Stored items
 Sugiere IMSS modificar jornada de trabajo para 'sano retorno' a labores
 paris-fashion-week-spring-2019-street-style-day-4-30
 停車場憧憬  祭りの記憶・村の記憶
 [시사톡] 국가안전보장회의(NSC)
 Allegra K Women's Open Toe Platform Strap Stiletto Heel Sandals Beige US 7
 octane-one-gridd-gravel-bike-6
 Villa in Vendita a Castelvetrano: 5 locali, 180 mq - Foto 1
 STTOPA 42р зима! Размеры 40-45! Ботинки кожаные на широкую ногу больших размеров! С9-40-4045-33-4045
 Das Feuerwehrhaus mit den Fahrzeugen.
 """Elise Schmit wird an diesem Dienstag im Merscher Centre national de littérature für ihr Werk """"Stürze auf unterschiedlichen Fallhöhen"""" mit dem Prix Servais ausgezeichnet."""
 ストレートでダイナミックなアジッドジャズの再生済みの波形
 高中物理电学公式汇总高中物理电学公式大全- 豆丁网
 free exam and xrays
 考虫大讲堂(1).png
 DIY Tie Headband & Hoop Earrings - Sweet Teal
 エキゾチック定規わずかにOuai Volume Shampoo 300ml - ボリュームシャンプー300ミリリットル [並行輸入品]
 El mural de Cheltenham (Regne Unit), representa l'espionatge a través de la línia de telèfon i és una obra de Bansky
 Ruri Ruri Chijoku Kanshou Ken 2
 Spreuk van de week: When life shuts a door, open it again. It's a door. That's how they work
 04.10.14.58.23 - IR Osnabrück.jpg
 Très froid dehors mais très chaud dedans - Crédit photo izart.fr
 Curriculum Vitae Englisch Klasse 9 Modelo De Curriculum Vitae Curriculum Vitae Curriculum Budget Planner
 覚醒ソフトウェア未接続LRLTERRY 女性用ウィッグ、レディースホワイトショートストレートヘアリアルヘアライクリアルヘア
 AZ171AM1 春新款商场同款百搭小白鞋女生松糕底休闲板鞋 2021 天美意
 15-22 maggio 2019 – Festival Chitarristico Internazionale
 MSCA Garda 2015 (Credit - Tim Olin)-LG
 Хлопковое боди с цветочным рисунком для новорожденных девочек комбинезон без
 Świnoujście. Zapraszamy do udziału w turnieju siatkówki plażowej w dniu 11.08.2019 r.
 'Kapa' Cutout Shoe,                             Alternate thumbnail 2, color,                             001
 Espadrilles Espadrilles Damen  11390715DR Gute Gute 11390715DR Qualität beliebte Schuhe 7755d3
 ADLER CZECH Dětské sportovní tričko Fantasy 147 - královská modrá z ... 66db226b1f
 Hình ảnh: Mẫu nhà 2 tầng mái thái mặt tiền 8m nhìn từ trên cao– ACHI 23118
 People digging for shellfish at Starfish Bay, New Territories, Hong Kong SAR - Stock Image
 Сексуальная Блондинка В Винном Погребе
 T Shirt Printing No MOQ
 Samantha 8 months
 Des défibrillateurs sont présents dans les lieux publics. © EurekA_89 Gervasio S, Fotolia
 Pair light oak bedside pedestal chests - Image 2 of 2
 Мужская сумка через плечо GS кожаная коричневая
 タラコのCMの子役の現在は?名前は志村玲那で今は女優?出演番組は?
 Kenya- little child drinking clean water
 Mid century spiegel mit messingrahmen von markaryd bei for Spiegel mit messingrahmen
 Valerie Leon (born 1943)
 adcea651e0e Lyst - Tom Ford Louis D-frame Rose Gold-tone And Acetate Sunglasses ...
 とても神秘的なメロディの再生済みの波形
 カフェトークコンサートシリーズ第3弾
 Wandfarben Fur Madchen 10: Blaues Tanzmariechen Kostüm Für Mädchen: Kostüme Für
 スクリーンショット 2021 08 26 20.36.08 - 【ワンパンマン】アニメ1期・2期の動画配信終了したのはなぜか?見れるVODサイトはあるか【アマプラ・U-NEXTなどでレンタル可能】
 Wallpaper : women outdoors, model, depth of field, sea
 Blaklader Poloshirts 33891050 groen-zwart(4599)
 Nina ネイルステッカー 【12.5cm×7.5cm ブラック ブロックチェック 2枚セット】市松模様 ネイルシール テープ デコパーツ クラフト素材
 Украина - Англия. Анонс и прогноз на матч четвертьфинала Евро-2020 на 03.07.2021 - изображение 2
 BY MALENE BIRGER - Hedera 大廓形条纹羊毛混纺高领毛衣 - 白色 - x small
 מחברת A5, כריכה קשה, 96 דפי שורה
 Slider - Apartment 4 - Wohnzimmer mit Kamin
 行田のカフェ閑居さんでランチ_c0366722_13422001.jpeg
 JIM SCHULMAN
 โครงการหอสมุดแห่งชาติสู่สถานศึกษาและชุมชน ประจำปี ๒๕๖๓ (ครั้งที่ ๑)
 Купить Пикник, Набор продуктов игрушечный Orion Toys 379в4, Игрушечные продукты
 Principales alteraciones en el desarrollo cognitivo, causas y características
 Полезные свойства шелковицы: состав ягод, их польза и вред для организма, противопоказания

* Work to be completed *
Go to the line with "Mid century spiegel" in the entries above and repeat every line from there through the line with "カフェトークコンサートシリーズ第3弾", exactly and with no other text.

* Solution *
 Mid century spiegel mit messingrahmen von markaryd bei for Spiegel mit messingrahmen
 Valerie Leon (born 1943)
 adcea651e0e Lyst - Tom Ford Louis D-frame Rose Gold-tone And Acetate Sunglasses ...
 とても神秘的なメロディの再生済みの波形
 カフェトークコンサートシリーズ第3弾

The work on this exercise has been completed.